▶ [DESCRIPTION OF THE TASK]: Could you restate every entry word for word, minus the pictures?

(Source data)
┄┄┄┄┄┄┄┄┄┄┄┄┄┄┄┄┄┄┄┄

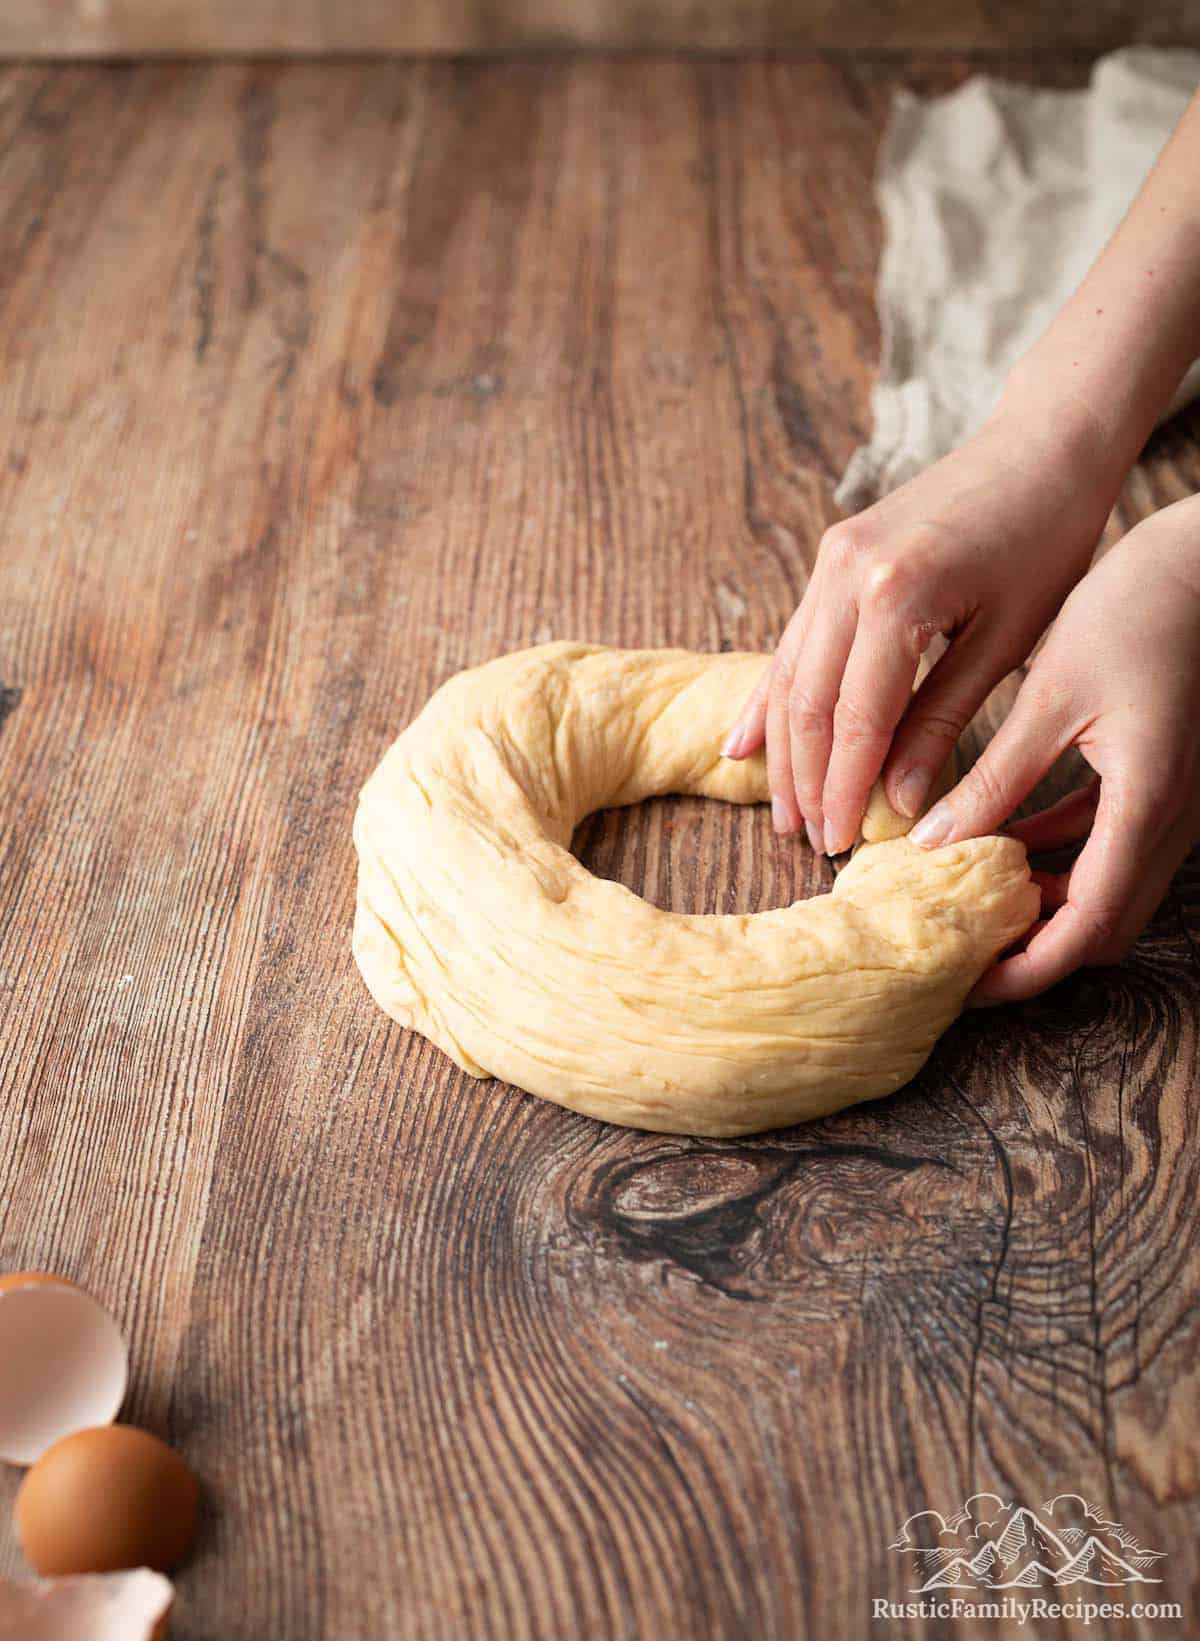 A roll of dough being formed into a circle
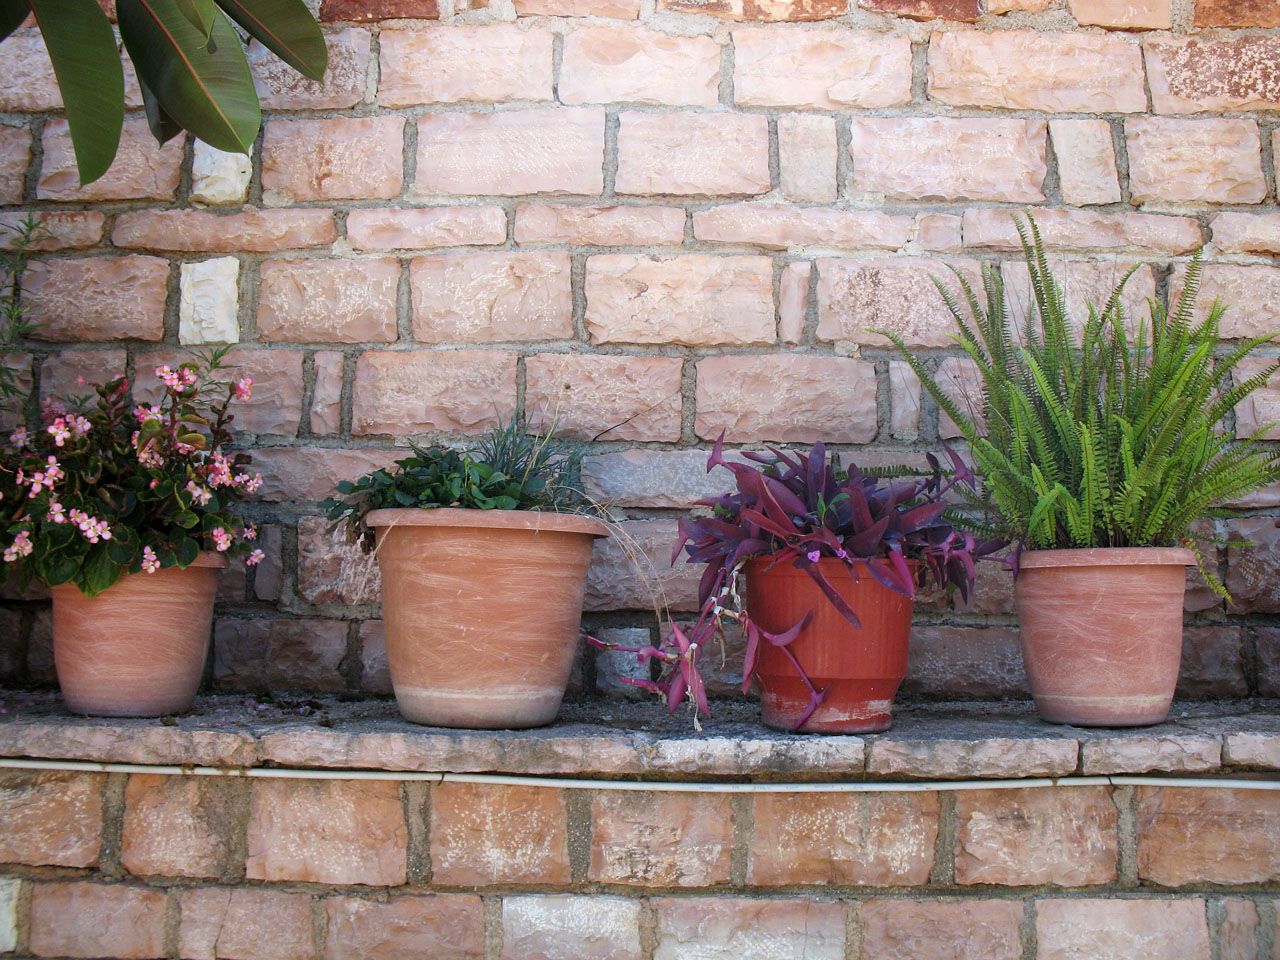 Brick wall with shelving for container plants
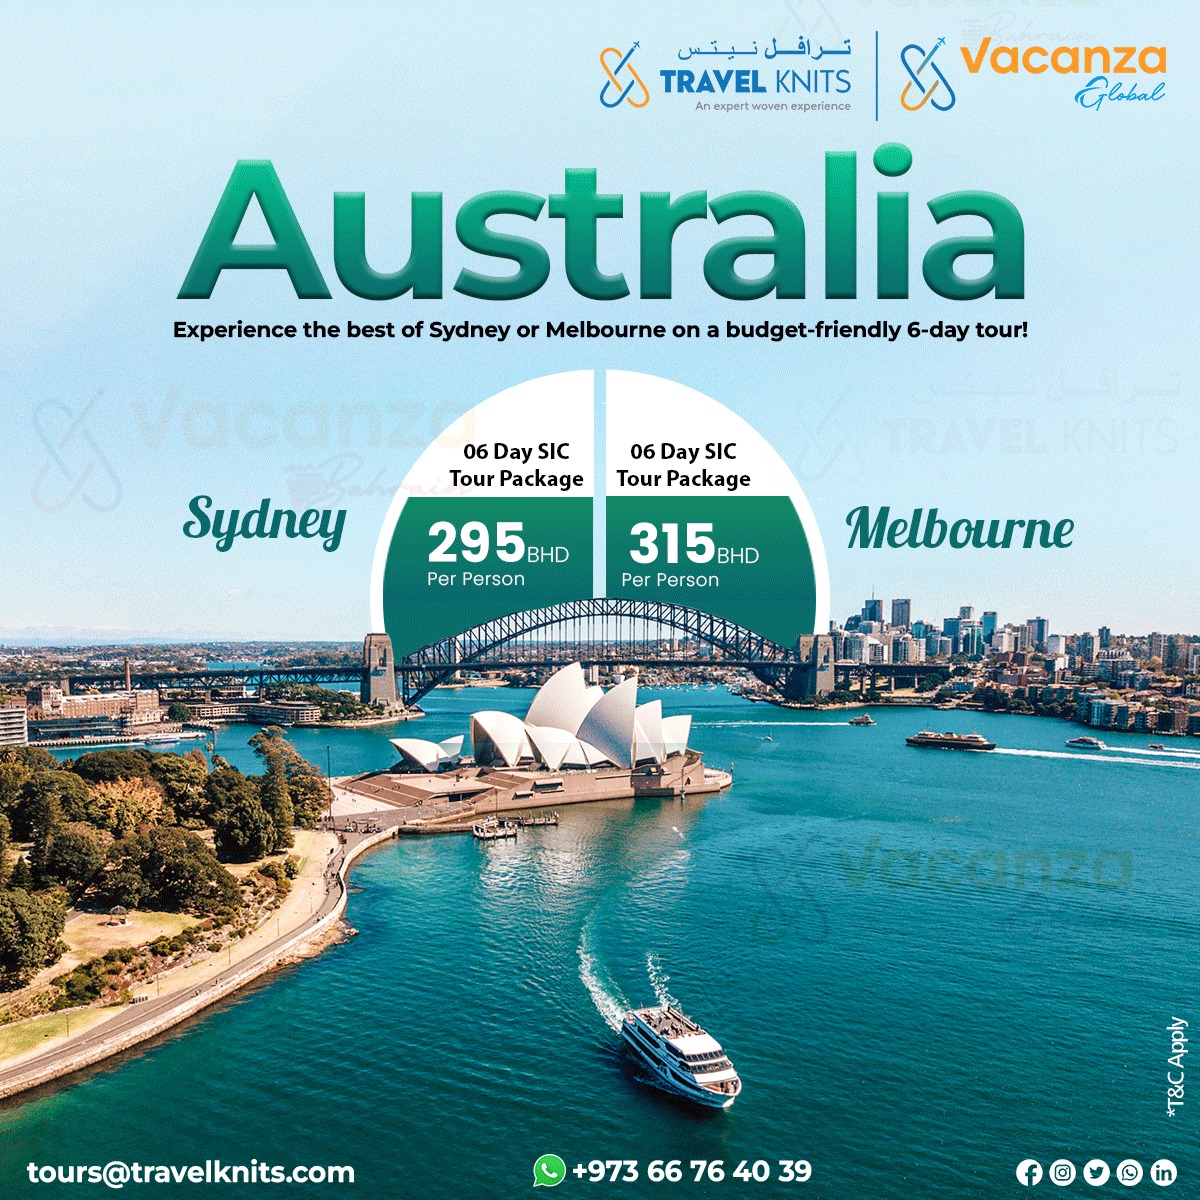 Melbourne Package |AustraliaTour Packages - Book honeymoon ,family,adventure tour packages to Australia|Travel Knits												
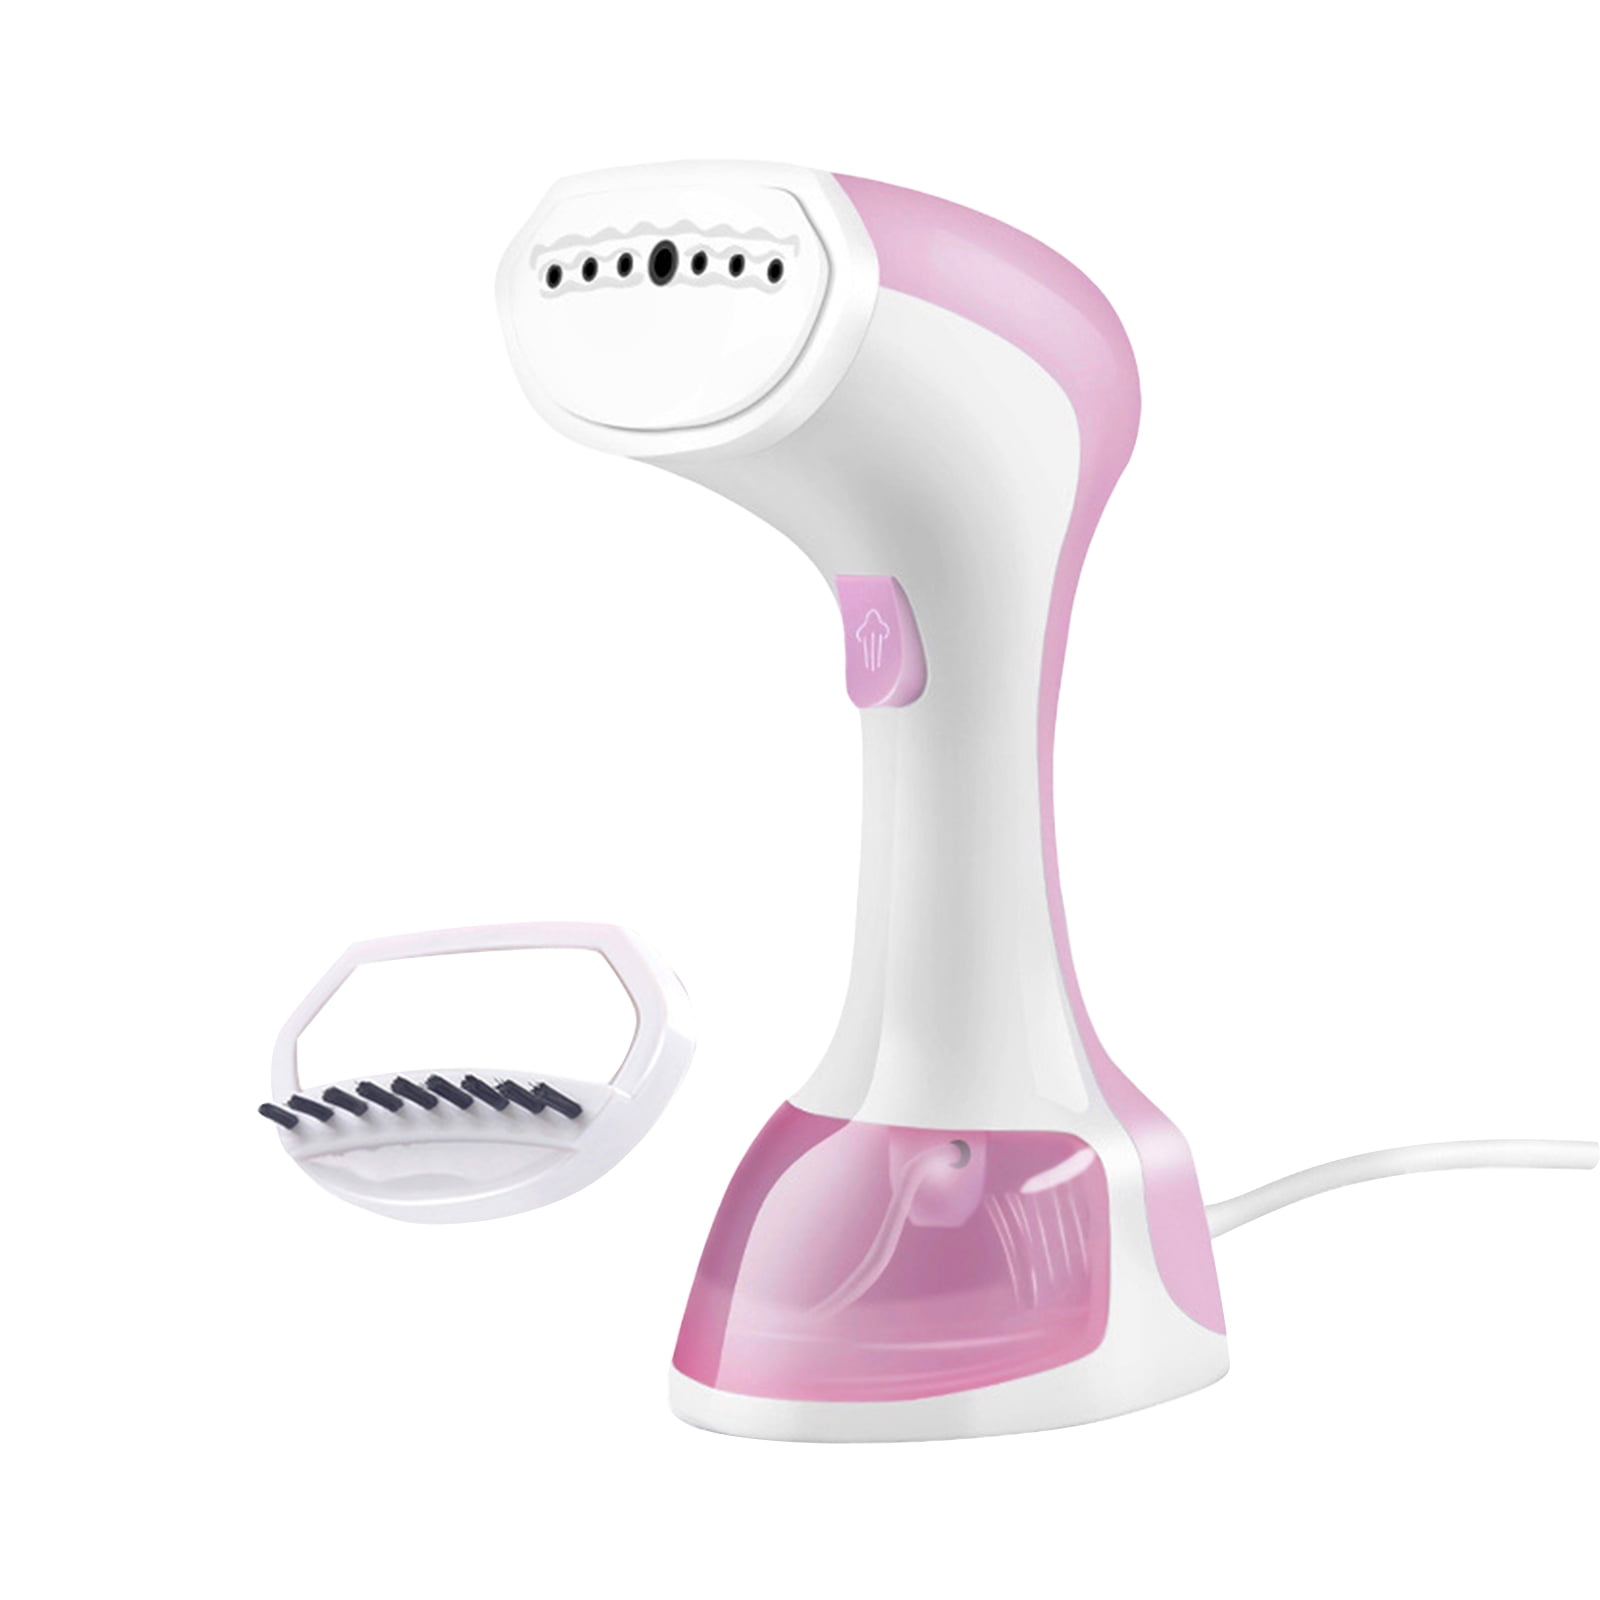 Details about   Professional Micro Steam Iron Mini Portable Handheld Steamer Garment For US 
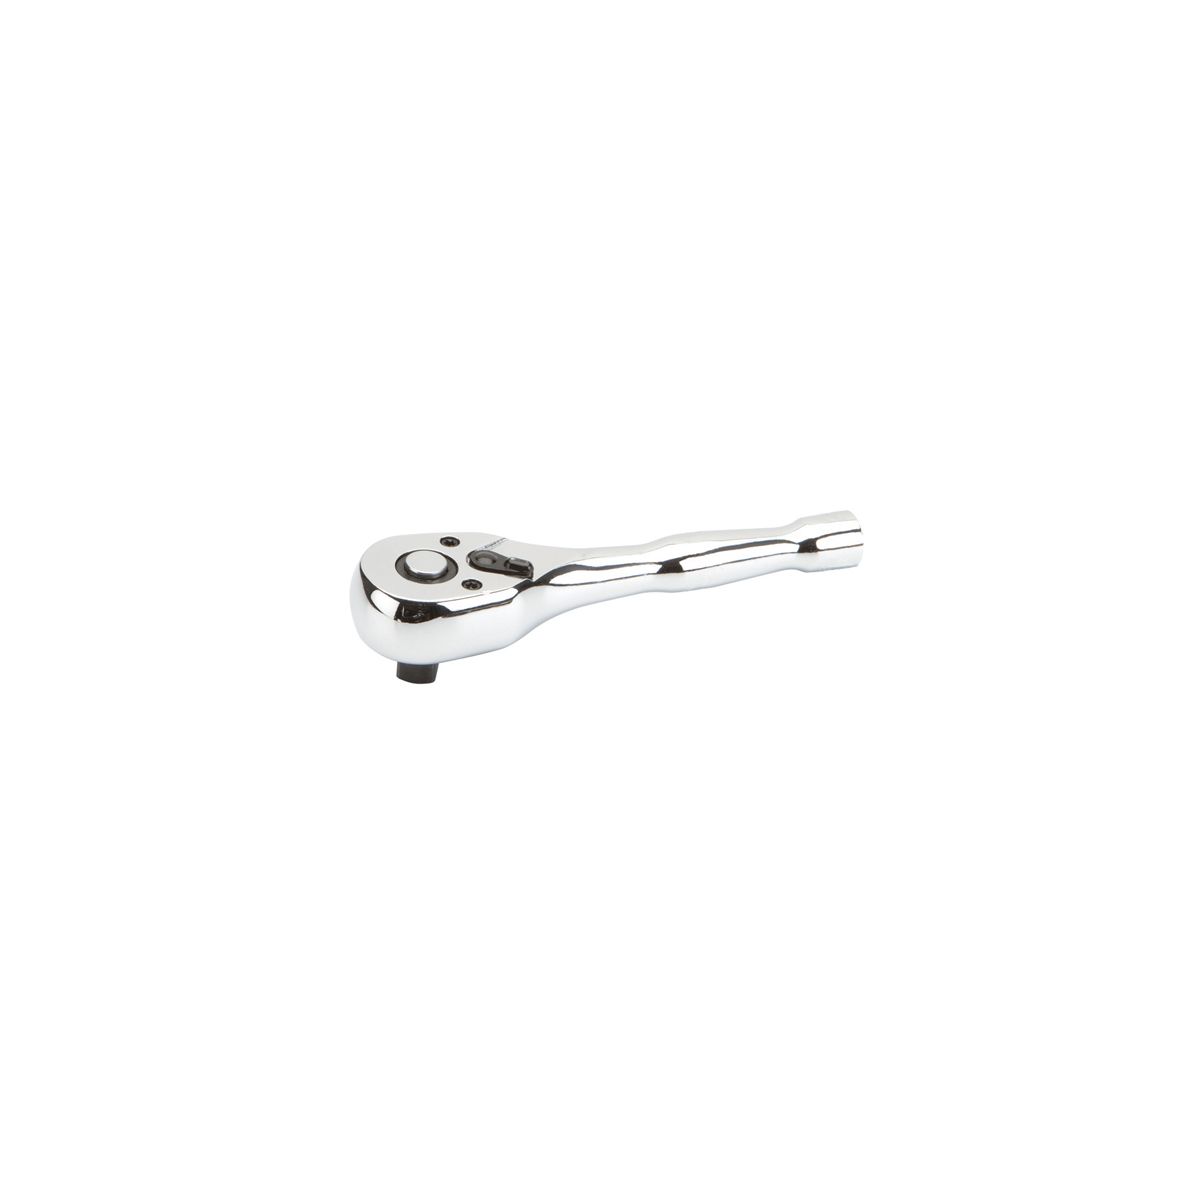 PITTSBURGH PRO 1/4 in. Drive Quick Release Stubby Ratchet

┄┄┄┄┄┄┄┄┄┄┄┄┄┄┄┄┄┄┄┄

▶ [WRITTEN ANSWER]:
 A roll of dough being formed into a circle
 Brick wall with shelving for container plants
 Melbourne Package |AustraliaTour Packages - Book honeymoon ,family,adventure tour packages to Australia|Travel Knits												
 Details about   Professional Micro Steam Iron Mini Portable Handheld Steamer Garment For US 
 PITTSBURGH PRO 1/4 in. Drive Quick Release Stubby Ratchet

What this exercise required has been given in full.